美丽胜过丑陋。显式优于隐式。简单比复杂更好。复杂比复杂更好。可读性很重要。
成为 - >
'明确比隐含更好。简单比复杂更好。复杂比复杂更好。'
我相信代码的想法很简单。但是我不知道如何实现这个目标。
import re
caps = "([A-Z])"
prefixes = "(Mr|St|Mrs|Ms|Dr)[.]"
suffixes = "(Inc|Ltd|Jr|Sr|Co)"
starters = "(Mr|Mrs|Ms|Dr|He\s|She\s|It\s|They\s|Their\s|Our\s|We\s|But\s|However\s|That\s|This\s|Wherever)"
acronyms = "([A-Z][.][A-Z][.](?:[A-Z][.])?)"
websites = "[.](com|net|org|io|gov)"
def split_into_sentences(text):
text = " " + text + " "
text = text.replace("\n"," ")
text = re.sub(prefixes,"\\1<prd>",text)
text = re.sub(websites,"<prd>\\1",text)
if "Ph.D" in text: text = text.replace("Ph.D.","Ph<prd>D<prd>")

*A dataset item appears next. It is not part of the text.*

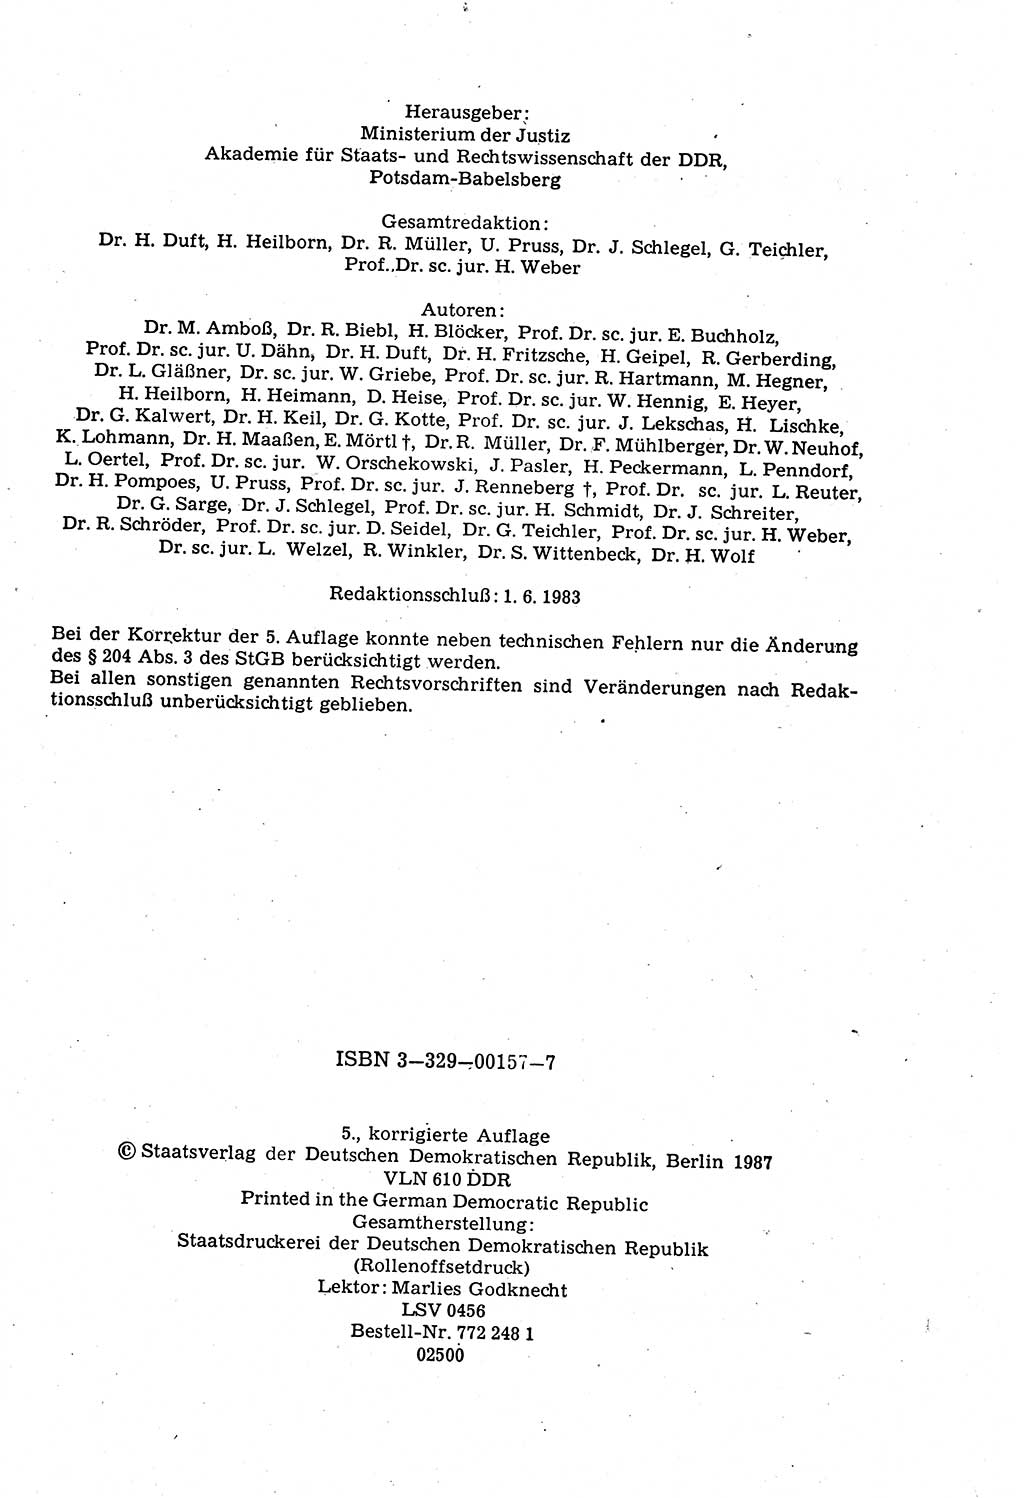 Strafrecht der Deutschen Demokratischen Republik (DDR), Kommentar zum Strafgesetzbuch (StGB) 1987, Seite 4 (Strafr. DDR Komm. StGB 1987, S. 4)

text = re.sub("\s" + caps + "[.] "," \\1<prd> ",text)
text = re.sub(acronyms+" "+starters,"\\1<stop> \\2",text)
text = re.sub(caps + "[.]" + caps + "[.]" + caps + "[.]","\\1<prd>\\2<prd>\\3<prd>",text)
text = re.sub(caps + "[.]" + caps + "[.]","\\1<prd>\\2<prd>",text)
text = re.sub(" "+suffixes+"[.] "+starters," \\1<stop> \\2",text)
text = re.sub(" "+suffixes+"[.]"," \\1<prd>",text)
text = re.sub(" " + caps + "[.]"," \\1<prd>",text)
if "\"" in text: text = text.replace(".\"","\".")
if "!" in text: text = text.replace("!\"","\"!")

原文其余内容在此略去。